In: Statistics and Probability
(a)
Susan tries to exercise at ”Pure Fit” Gym each day of the week, except on the weekends (Saturdays and Sundays). Susan is able to exercise, on average, on 75% of the weekdays (Monday to Friday).
Find the expected value and the standard deviation of the number of days she exercises in a given week. [2 marks]
Given that Susan exercises on Monday, find the probability that she will exercise at least 3 days in the rest of the week. [3 marks]
Find the probability that in a period of four weeks, Susan exercises 3 or less days in only two of the four weeks.
b) A car repair shop uses a particular spare part at an average rate of 6 per week.

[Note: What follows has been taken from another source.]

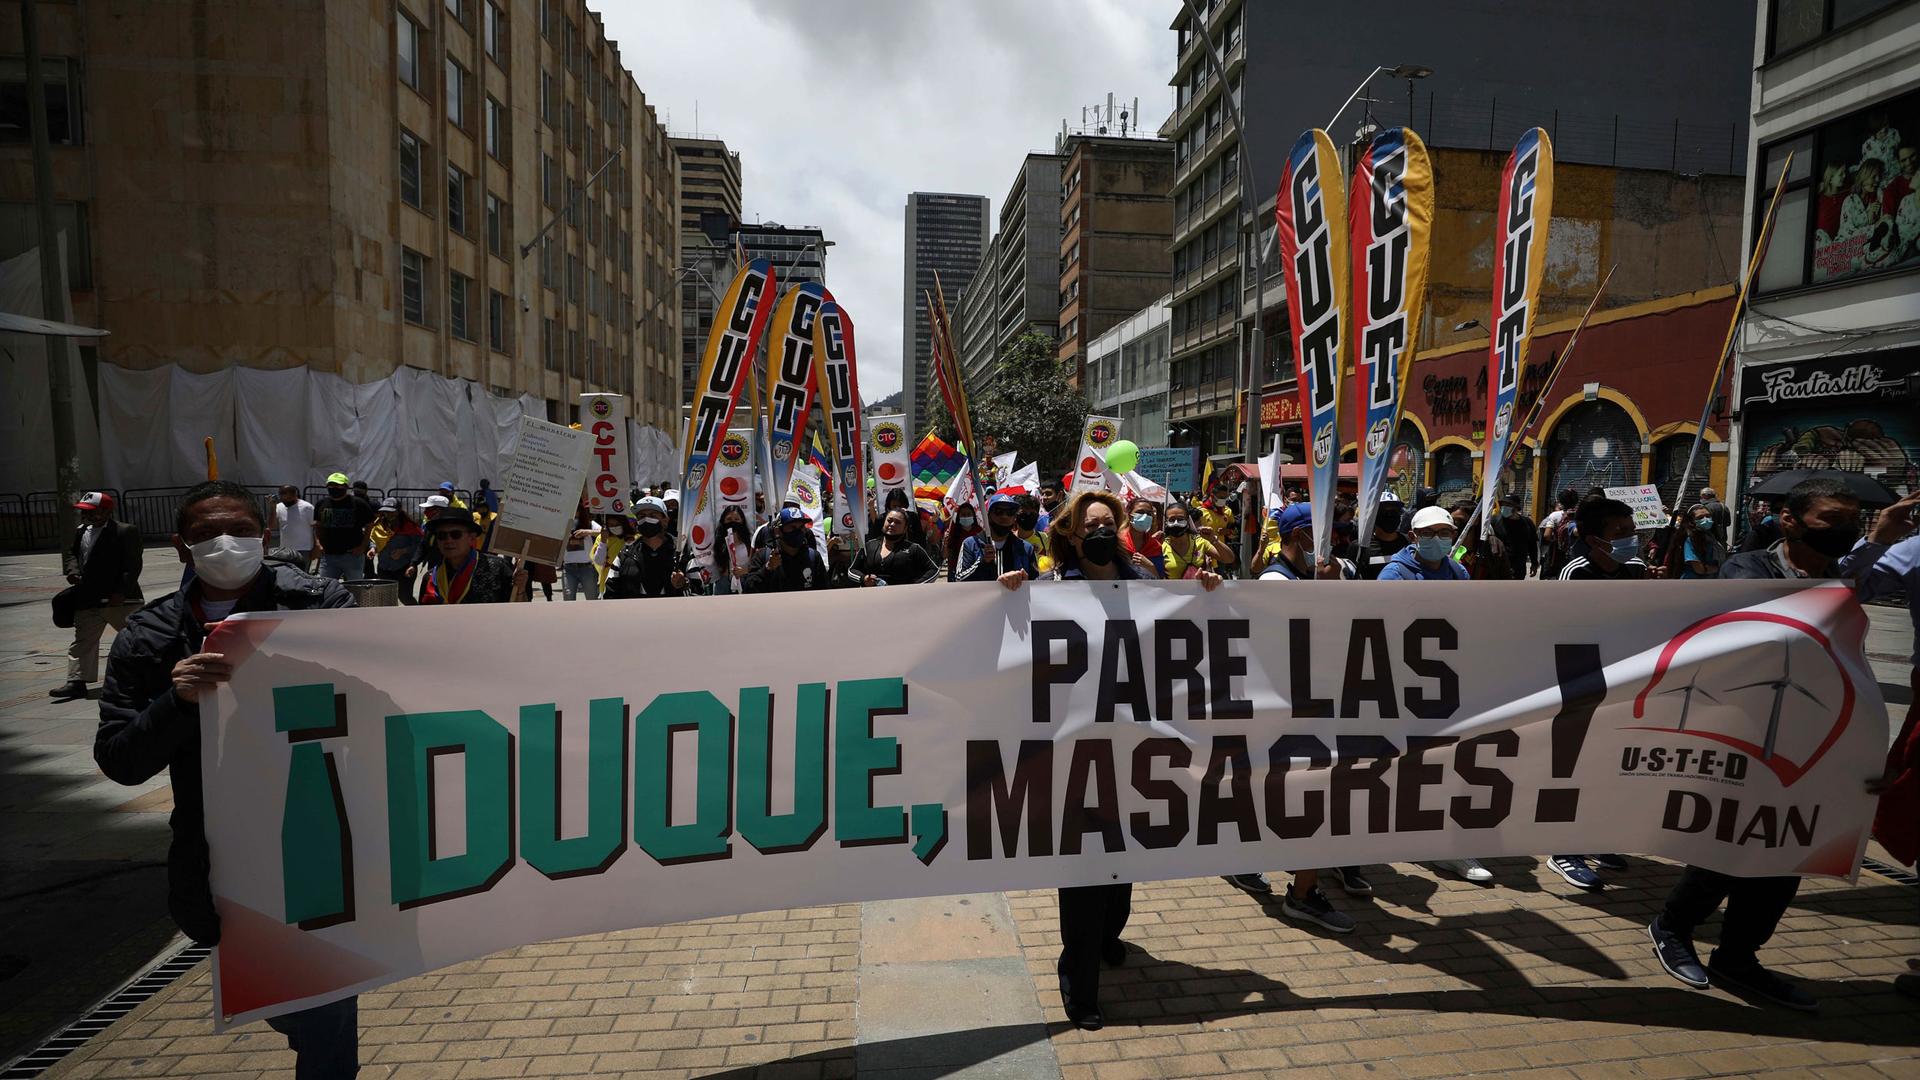 Protesters hold a banner with a message that reads in Spanish: "Duque, stop the massacres," directed at Colombia's President Ivan Duque, as they march to Bolivar Square in Bogotá, Colombia, Wednesday, May 12, 2021.

Find the probability that:
i. at least 6 are used in a particular week.
ii. exactly 18 are used in a 3-week period.
iii. exactly 6 are used in each of 3 successive weeks.
[2 marks] [3 marks] [3 marks]
(c) The breaking strength (in pounds) of a certain new synthetic piece of glass is normally distributed, with a mean of 115 pounds and a variance of 4 pounds.
What is the probability that a single randomly selected piece of glass will have breaking strength between 118 and 120 pounds? [2 marks]
A new synthetic piece of glass is considered defective if the breaking strength is less than 113.6 pounds. What is the probability that a single randomly selected piece of glass will be defective? [2 marks]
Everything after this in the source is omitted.